Patients with 45,X/46,XY mosaicism were selected from the Belgian Registry for Growth and Puberty problems and via the multidisciplinary clinic for disorders of sexual development.

Patients

Eighteen patients were included: 8 raised as females (F) and 10 as males (M).

Intervention

Complete cardiac examination with blood pressure measurement, ECG, echocardiography and MRI.

Main Outcome Measurement

Cardiac parameters were registered for both groups. In a second phase, clinical features and external masculinisation score (EMS) were retrospectively collected from the medical files.

Results

A structural heart defect was diagnosed before inclusion in 1 F with coarctation and 1 M with spontaneously closed VSD. A bicuspid aortic valve was found in 8 (3 F, 5 M). Dilation of the ascending aorta was present in 4 M and was severe in 2 young boys. QTc was prolonged in 3 F and 2 M.

Conclusion

Males with 45,X/46,XY mosaicism have similar cardiovascular pathology as 45,X/46,XY females. Dilation of the ascending aorta can be important, also in males.
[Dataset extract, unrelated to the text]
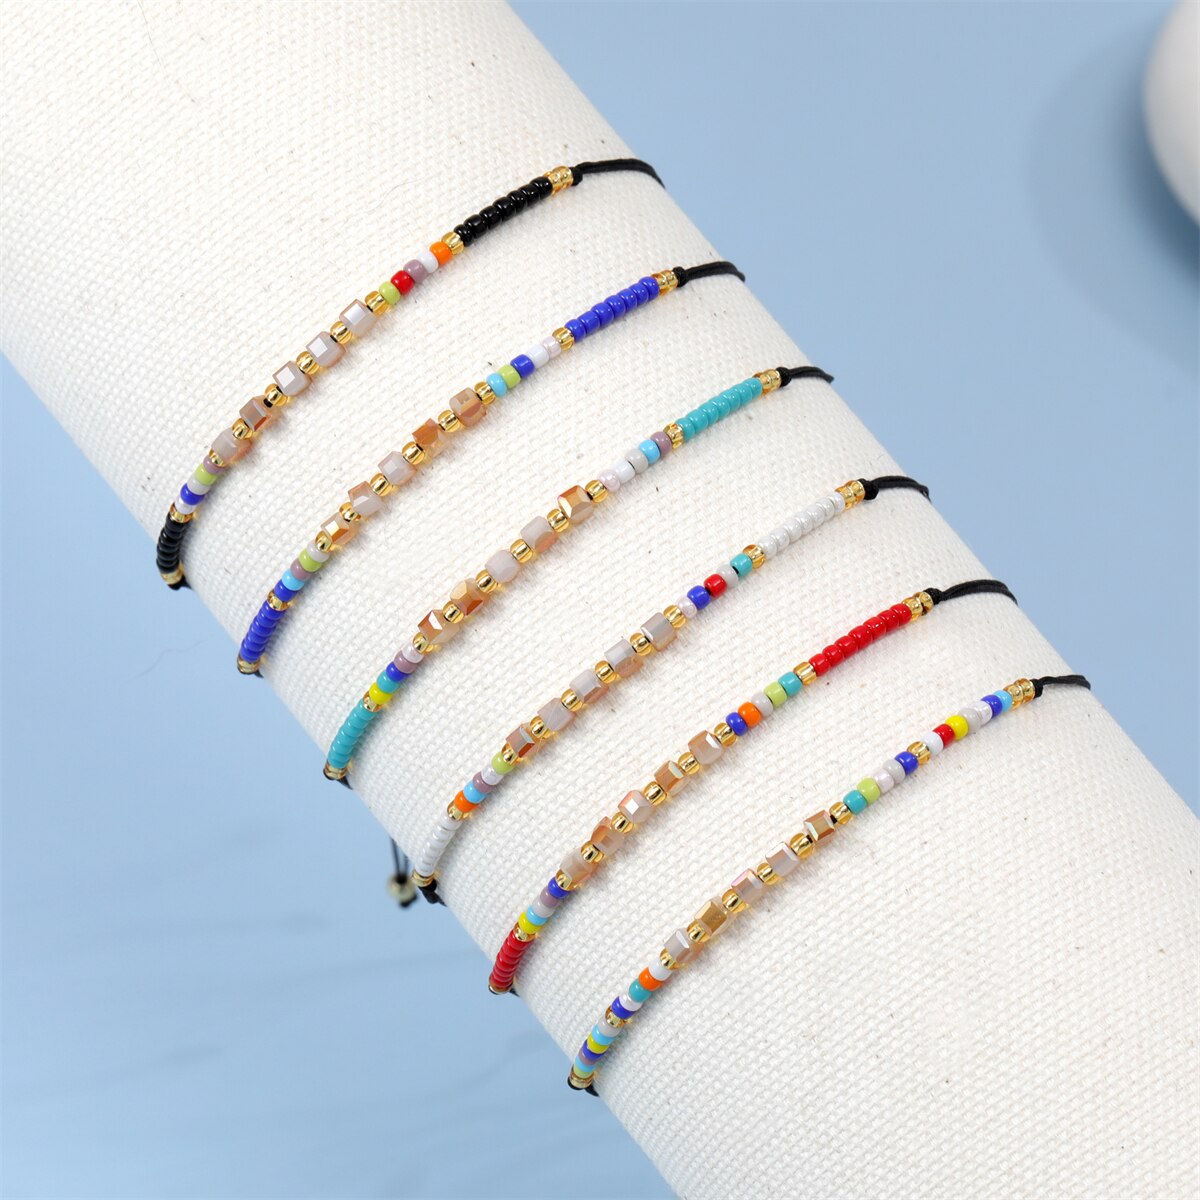 12pcs/lot Boho Woman Handmade Bohemia Weave Adjustable Crystal Seed Beads Rope Chain Charms Bracelets Fashion Jewelry

We advise cardiac screening and life-long monitoring in all males with 45,X/46,XY mosaicism according to the existing guidelines for Turner syndrome.

Introduction

Turner syndrome (TS) is a genetic disorder, occurring in approximately 50 per 100 000 live born girls [1]. Monosomy X is present in about 50% of the cases. The remaining have a mosaic karyotype, consisting of a 45,X cell line in combination with at least one of the following : 46,XX (or variants), 47,XXX (or variants), or a whole or partial Y chromosome [1], [2]. Cardinal features of TS include reduced final height and gonadal failure. Diabetes, hypothyroidism, hearing disorders, scoliosis, renal abnormalities and neurocognitive disorders are frequently associated pathologies [3]. Compared to the normal population, morbidity and mortality are high, circulatory disease accounting for the greatest excess mortality [4][6]. Structural heart defects are found in one fourth to half of the Turner patients and involve mainly the left side of the heart. Bicuspid aortic valve, coarctation aortae and dilation of the ascending aorta are the most common [3], [7][9]. Hypertension occurs in about half of the patients [10], [11]. Current guidelines advocate systematic and repeated cardiac screening in all Turner patients [12].
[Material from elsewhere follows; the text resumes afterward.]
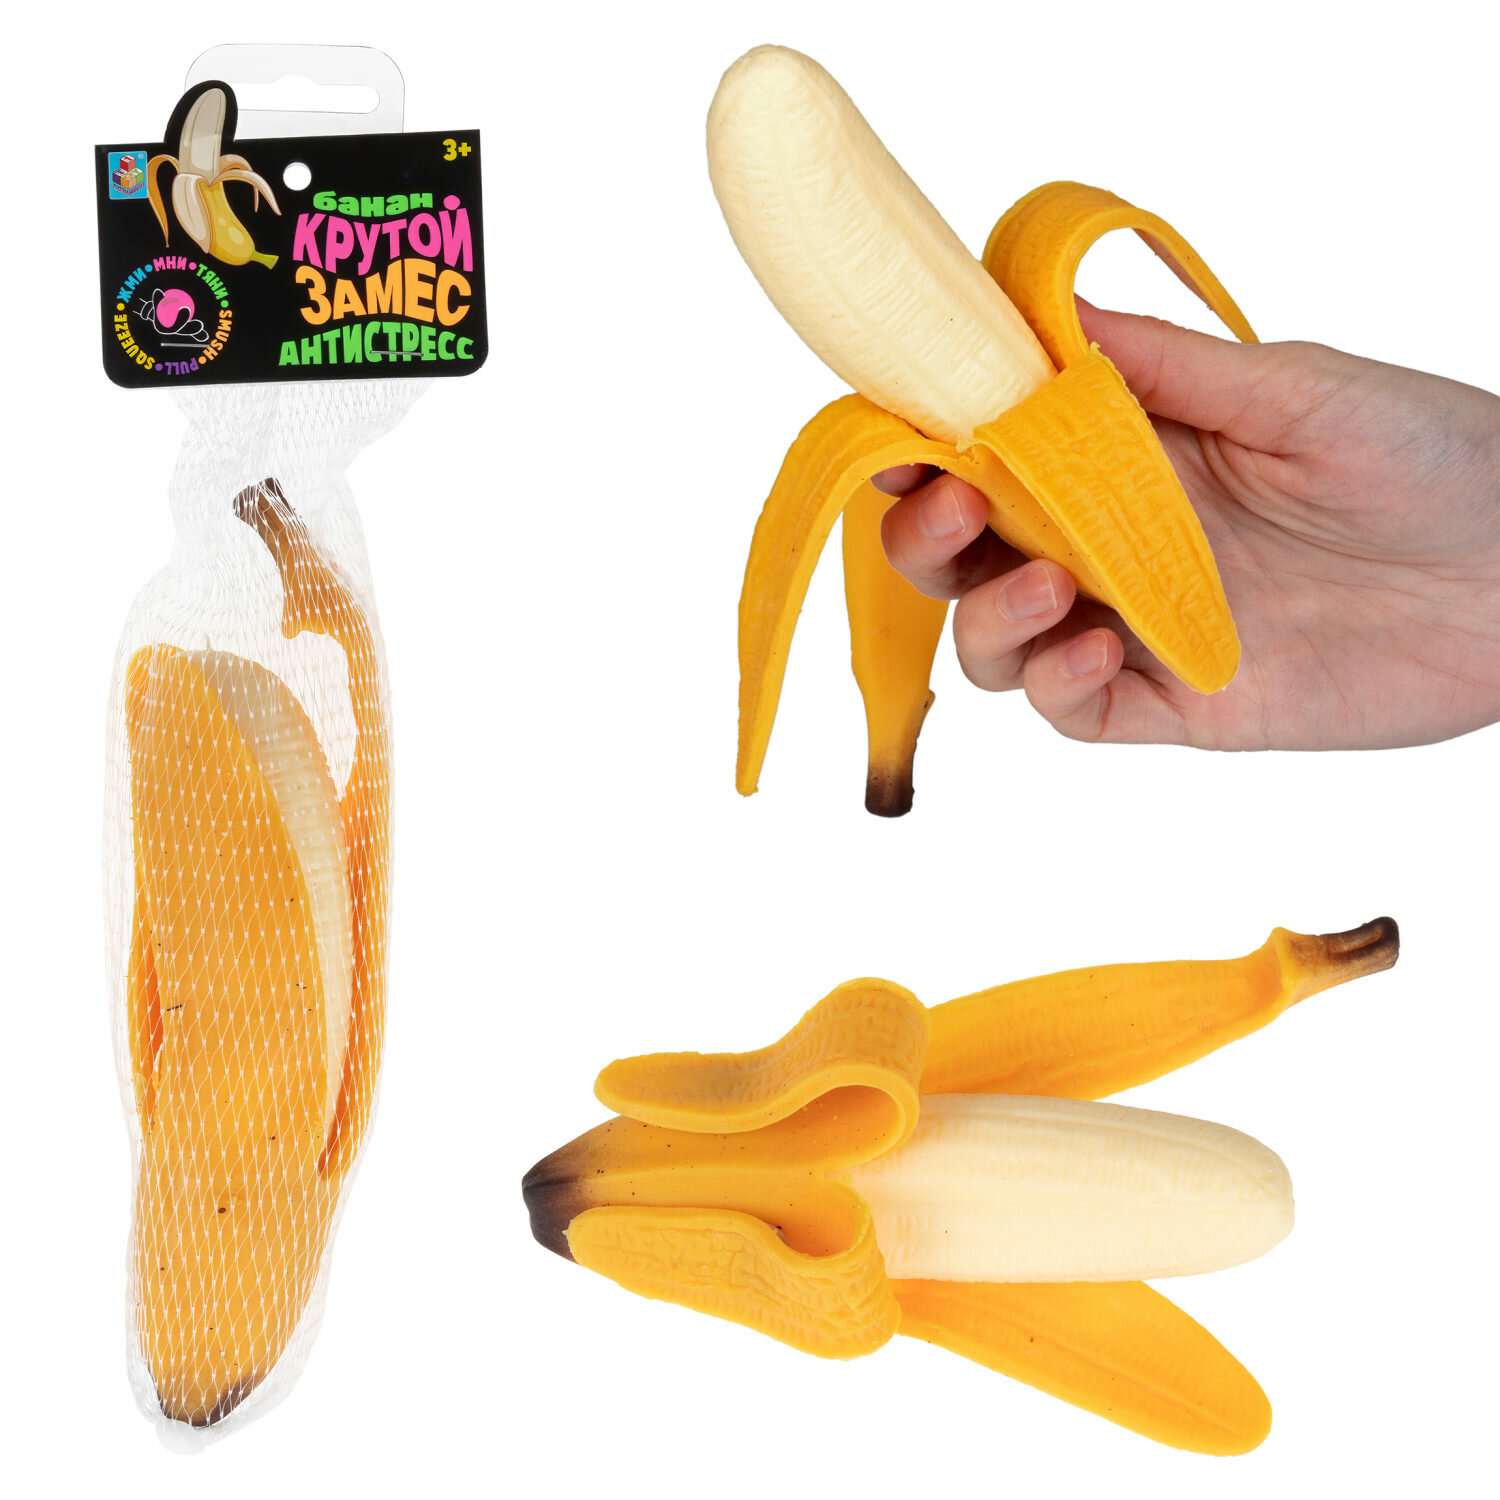 Игрушка-антистресс 1toy Крутой замес очищенный банан 17*5*4см сетка с хедером

In about 6% of TS girls, 45,X/46,XY mosaicism is documented [13]. On the other hand, sex chromosome mosaicism (45,X/46,XY and variants) is sometimes diagnosed in apparently normal males presenting at infertility clinics, in boys consulting for short stature or in neonates born with genital ambiguity [14], [15]. Some male patients show stigmata typically associated with TS, e.g. short stature, renal pathology and coarctation [15]. To our knowledge, no data exist on the frequency and nature of cardiovascular pathology in males with 45,X/46,XY.
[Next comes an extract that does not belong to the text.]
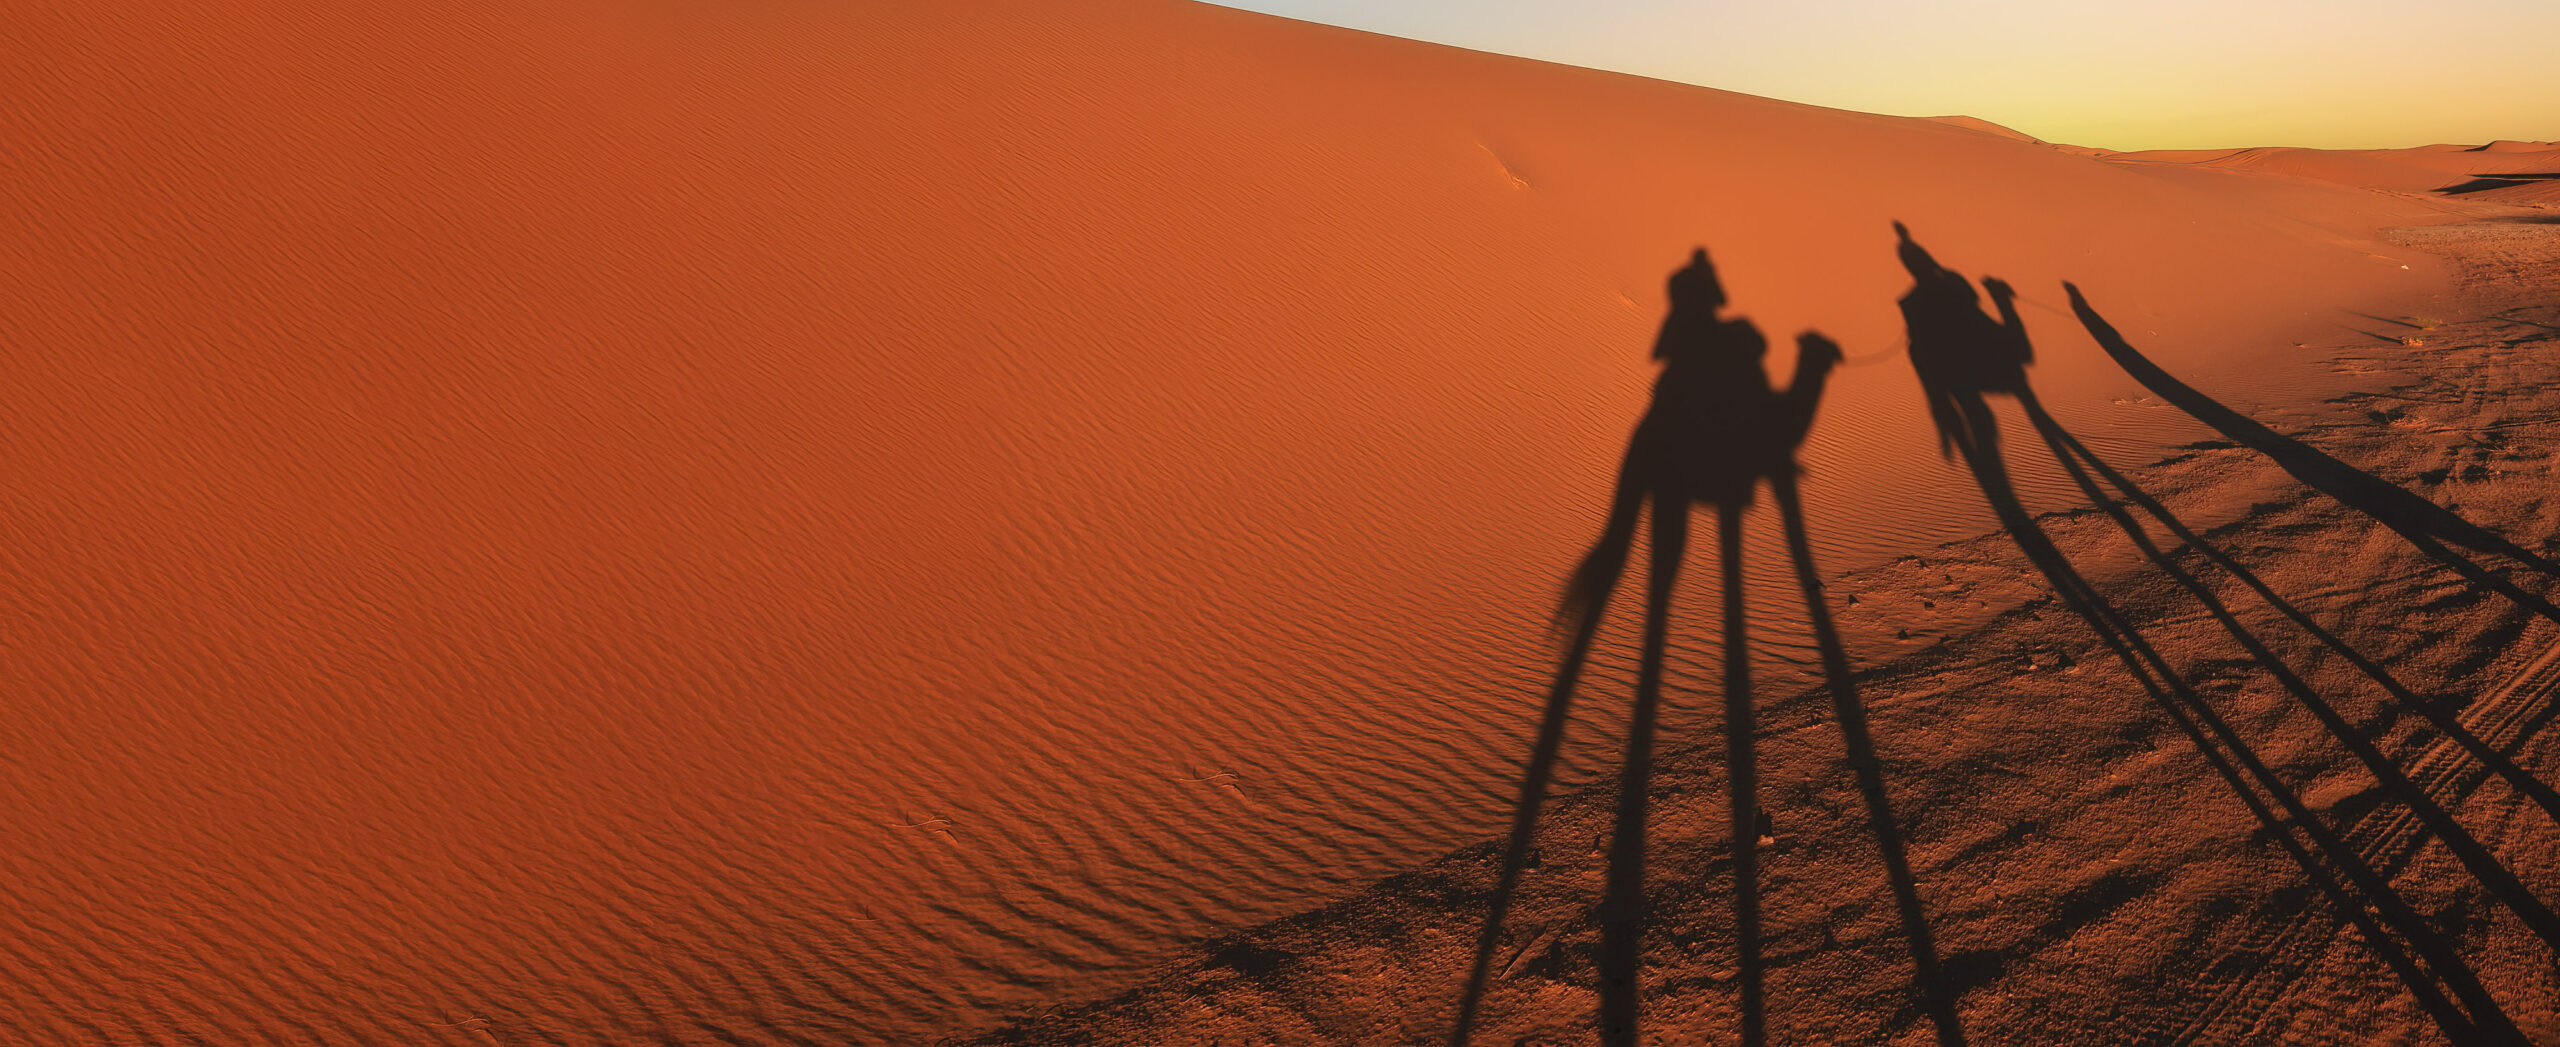 Marocco dune nel deserto

The present study was undertaken to investigate cardiovascular abnormalities in 45,X/46,XY males and to compare them with 45,X/46,XY girls with TS. In view of the description of some (fatal) cases of aortic dilation in males with 45,X/46,XY mixed gonadal dysgenesis [16], this information is highly relevant, taking into account that current guidelines on regular cardiac follow-up exclusively implicate girls with TS. If similar cardiovascular pathology is encountered in 45,X/46,XY boys and girls alike, consequent adjustment of these guidelines is mandatory.

Patients and Methods

Study Population

We identified patients with 45,X/46,XY mosaicism from the Belgian Registry for Growth and Puberty problems. Four Belgian university centres agreed to let their patients take part in a single-centre cardiovascular study. The study protocol was approved by the ethical committee of Ghent University Hospital and additionally by the ethical committee of each participating centre. From the 34 identified patients, 11 accepted to participate in the study protocol. Seven additional patients were included via the multidisciplinary clinic for disorders of sexual development of the Ghent University Hospital. All patients and/or their parents gave written informed consent.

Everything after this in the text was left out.